И вот опять Маша идёт путём-дорогою; вот дошла она до кокосового дерева[3], а под деревом сидит также старуха и также без головы; то же спросила она у Маши, то же отвечала ей Маша, и того же старуха ей пожелала.
И опять идёт Маша да плачет; долго идёт она, и уж голод её мучит. Вот дошла она до красного дерева[4], и под деревом сидит третья старуха, но уж с головой на плечах: Маша остановилась, поклонилась и сказала:
— По добру ли, по здорову, матушка, поживаешь?
— Здорово, дитятко, — отвечала старуха, — да что с тобой? Тебе будто не по себе.
— Матушка, есть хочется.
— Войди, дитятко, в избушку; там есть пшено в горшке; поешь его, дитятко, да смотри, чёрного кота не забудь.
Маша послушалась, взошла в избушку, взялась за горшок с пшеном, смотрит, а чёрный кот шасть к ней навстречу. Маша с ним честно поделилась пшеном; кот покушал и пошёл своей дорогой. Не успела Маша оглянуться, как перед ней очутилась хозяйка дома в красной юбке.
— Хорошо, дитятко, — сказала она, — я тобою довольна; поди же ты в курятник и возьми там три яичка; но тех, которые говорят человечьим голосом, тех отнюдь не бери.
Пошла Маша в курятник.
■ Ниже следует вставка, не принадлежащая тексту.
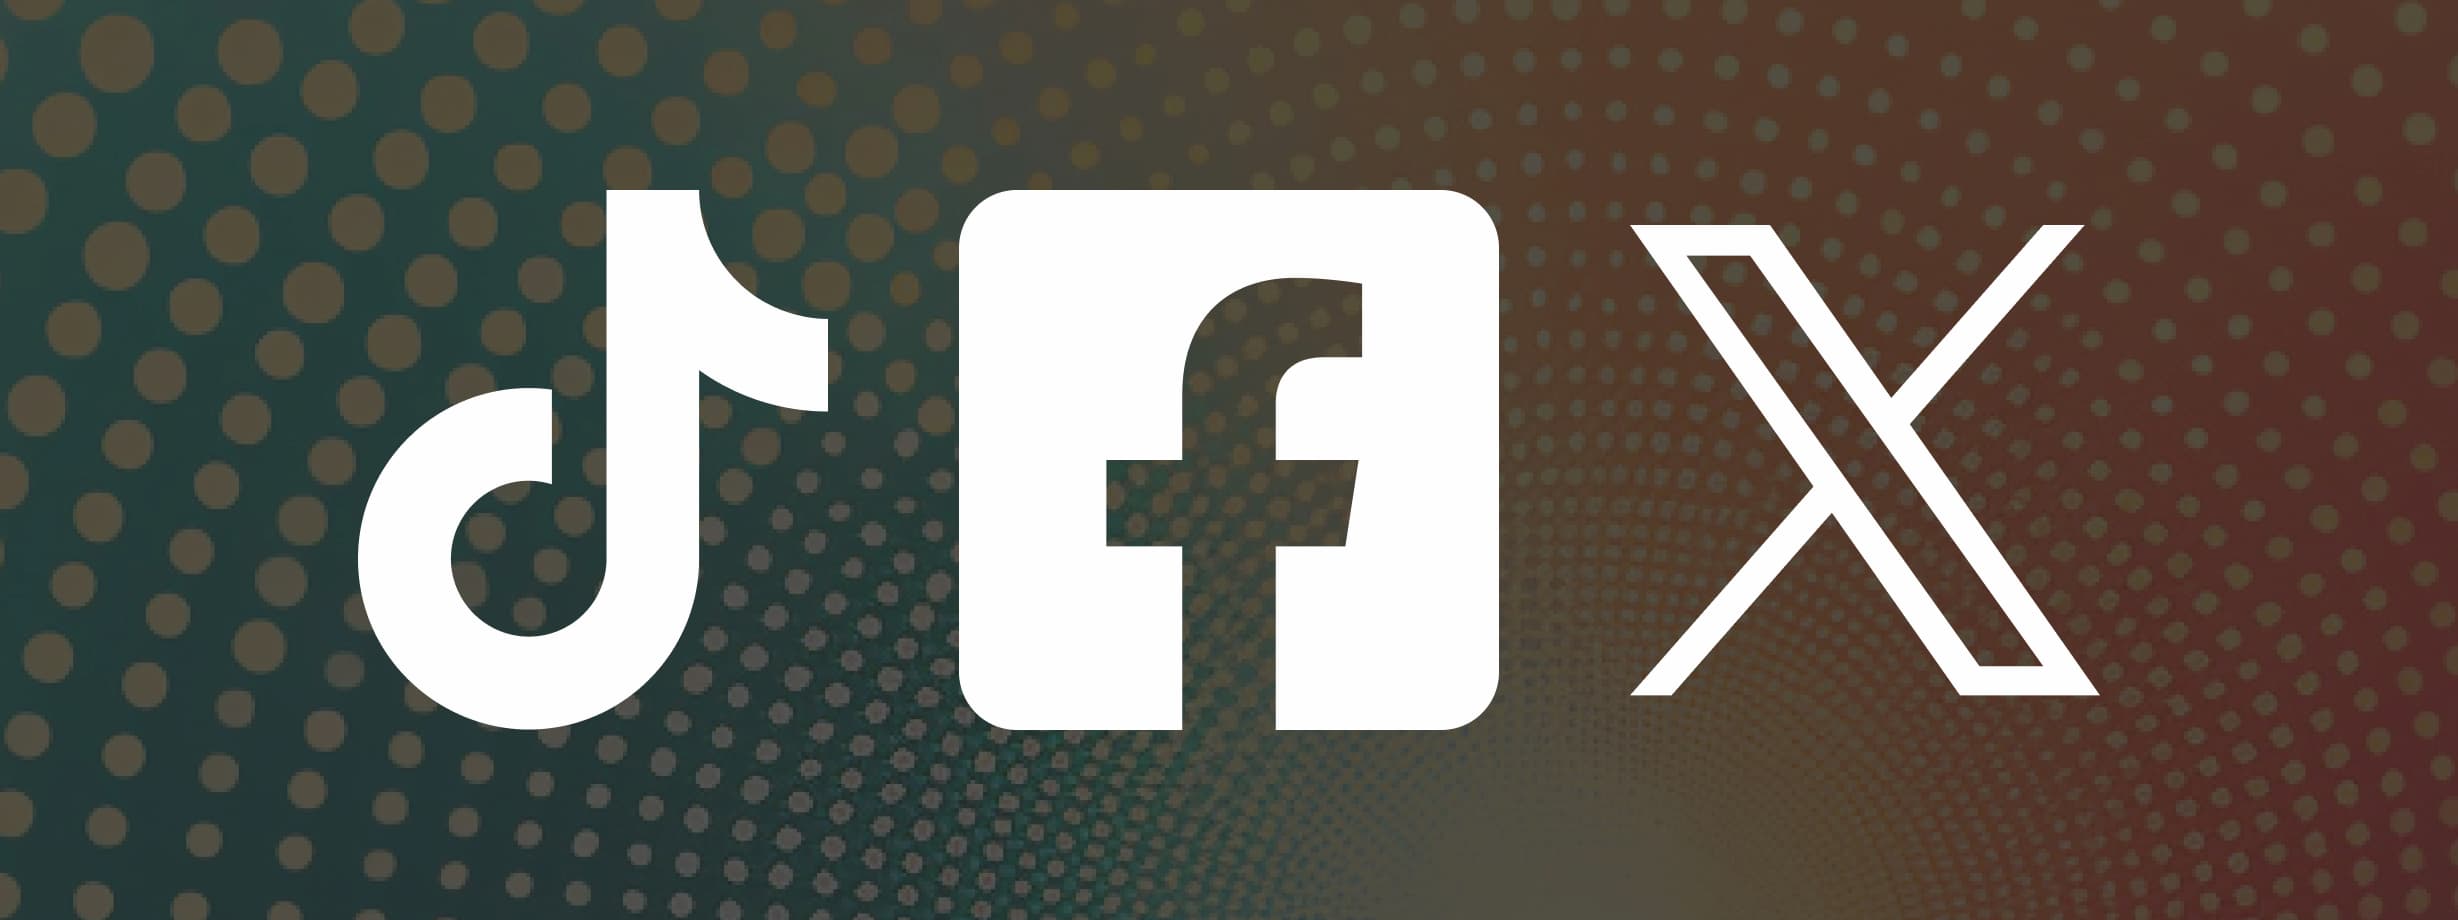 Tiktok Facebook X logos

Не успела она войти в него, как поднялся шум и крик. Из всех лукошек яйца закричали: «Возьми меня, возьми меня!» Но Маша не забыла приказания старухи, и хоть яйца-болтуны были и больше и лучше других, она их не взяла; искала, искала и, наконец, нашла три яичка, маленькие, чёрненькие, но которые зато ни слова не говорили.
Вот старуха с Машей распрощалась.
— Ступай же, дитятко, — сказала она, — ничего не бойся, только не забудь под каждым деревом разбить по яичку.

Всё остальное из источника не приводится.